Okay but, genuinely not an expert on the latest with LLMs, but isn’t tokenization an inherent part of LLM construction? Kind of like support vectors in SVMs, or nodes in neural networks? Once we remove tokenization from the equation, aren’t we no longer talking about LLMs?

It's not a side effect of tokenization per se, but of the tokenizers people use in actual practice. If somebody really wanted an LLM that can flawlessly count letters in words, they could train one with a naive tokenizer (like just ascii characters). But the resulting model would be very bad (for its size) at language or reasoning tasks.

Basically it's an engineering tradeoff. There is more demand for LLMs that can solve open math problems, but can't count the Rs in strawberry, than there is for models that can count letters but are bad at everything else.


I’ve said this many times before

AI is just a tool

If you used a fancy auto bake cake machine instead of an oven, you still get to claim that you made the cake.

100 years ago someone would be making the claim that using an oven to make cakes “doesn’t count”

All AI did was raise the bar

It’s quite clear here that the author spent a lot of time on this so he absolutely gets credit as the author


I think there's a distinction.

Imagine if you had an auto cake making machine that decides on its own the best time to make cake.
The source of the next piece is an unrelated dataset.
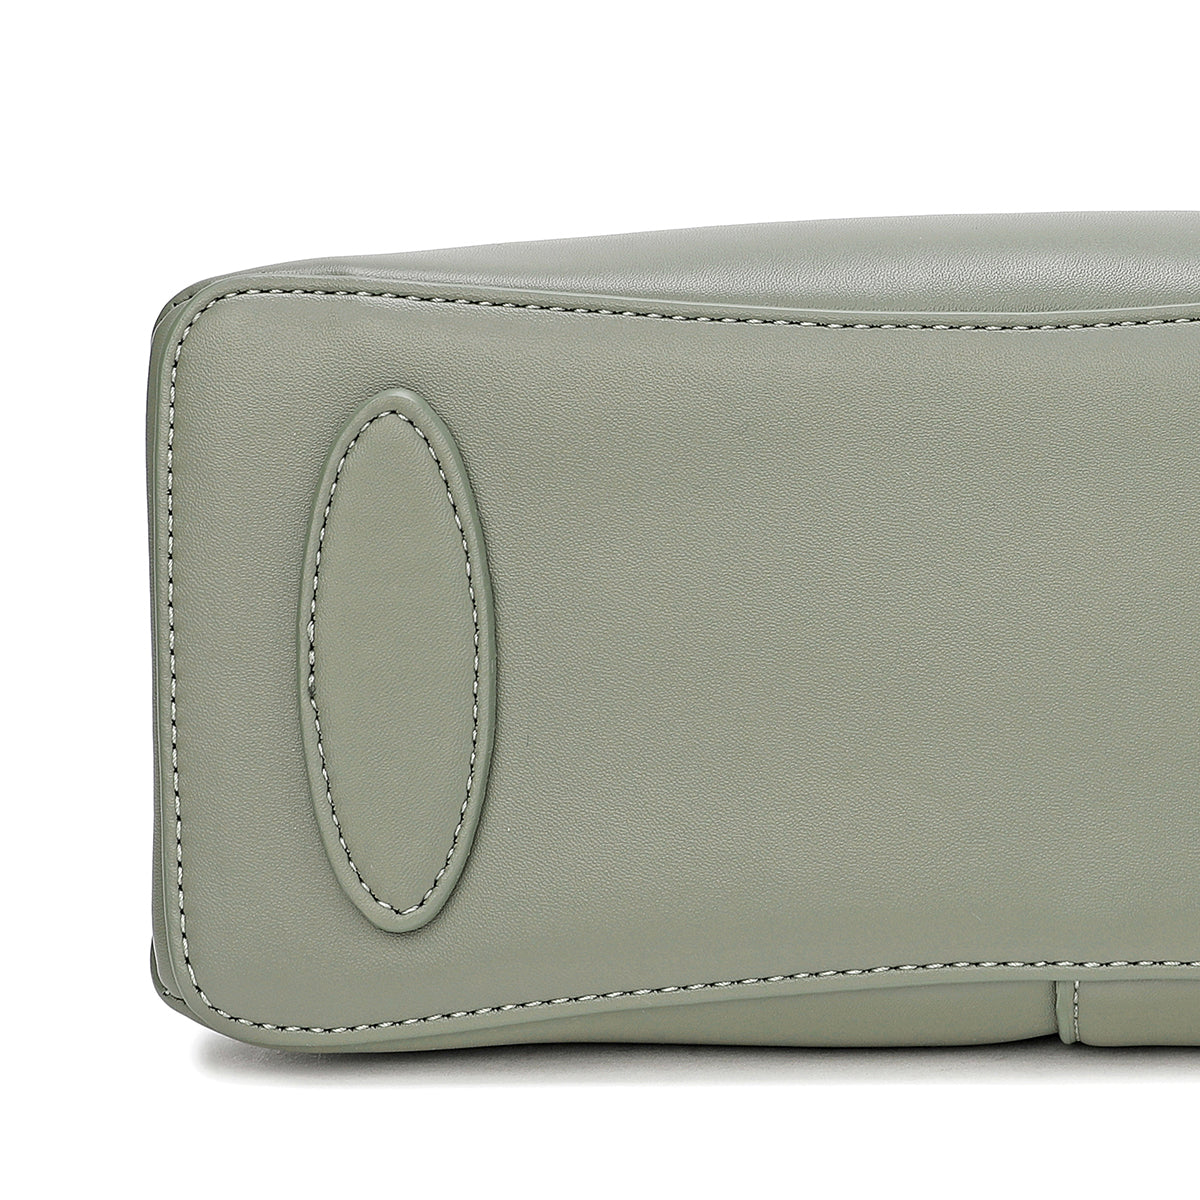 Handbag with shoulder strap, adjustable strap, width 26 cm, in green or black

It adds the ingredients, stirs, turns the oven on, and leaves the finished cake on the counter for you.

People start opening bakeries consisting entirely of cakes baked by the automatic machines. The owners of these machines have no idea whether the cakes have a bit too much flour or were slightly over-stirred. In some cases, they haven't even tried the cakes.

Who gets to claim they made the cake?

By contrast, there are others who carefully tune their machines to make sure everything is perfect. They adjust the mixing settings and ingredient proportions. They experiment and iterate. They taste test throughout the process. And what they give to the public tastes every bit as good as a homemade cake.

The first group is creating slop. The second group, I think, is baking. And OP is in the second group.


Replace "oven" with a dish washer or a washing machine for your clothes. Those things do exactly all of this. Yet we still complain about washing clothes and doing the dishes, even though it is far less effort than anything our parents did, or their parents before them.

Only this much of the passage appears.